Former Republican Rep. Tom Davis, who served as chair and ranking member of the House Committee on Oversight and Government Reform while in Congress, said that's all ripe for the plucking now.
"I think Republicans will go to school on that," Davis told Insider.
He added that House Republicans could streamline their pre-planned probes into President Biden, his scandal-plagued youngest son Hunter Biden, outgoing Speaker Nancy Pelosi, Attorney General Merrick Garland, FBI director Chris Wray, and other perceived political enemies, by adopting the January 6 committee's groundbreaking presentation style.

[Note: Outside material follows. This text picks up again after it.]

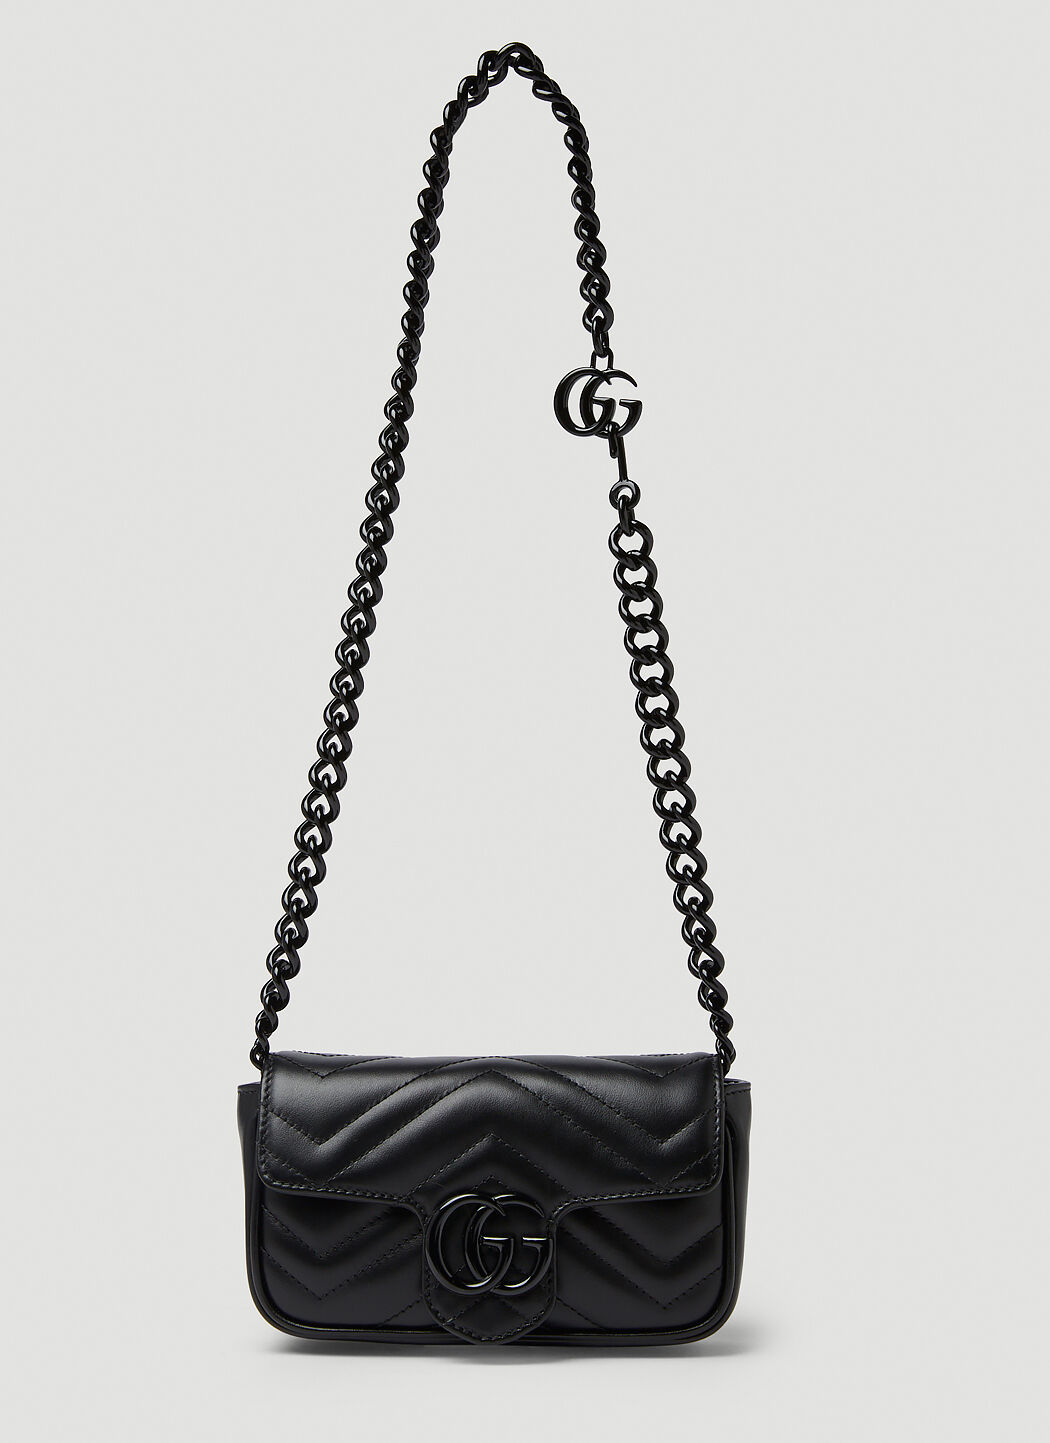 Vivienne Westwood GG Marmont 2.0 Belt Bag Black vvw0256011

"You can put them on film and document it later and be even more effective than having a long hearing with a five-minute rule where you're going back and forth due to a he-said, she-said framework," Davis said of the age-old format most committee hearings have followed to date.
January 6 committee staff declined to comment about their work or any unintended consequences that might flow from it.
The recent development Davis said GOP leaders might soon regret is their decision to dodge the January 6 committee subpoenas.
"They laid the precedent here that, 'We don't have to testify,'" Davis said. "So you may get into that on the part of Democrats."
Aides to anticipated Oversight committee chair James Comer and Judiciary Committee chair Jim Jordan did not respond to requests for comment about the January 6 committee's work or their forthcoming investigations.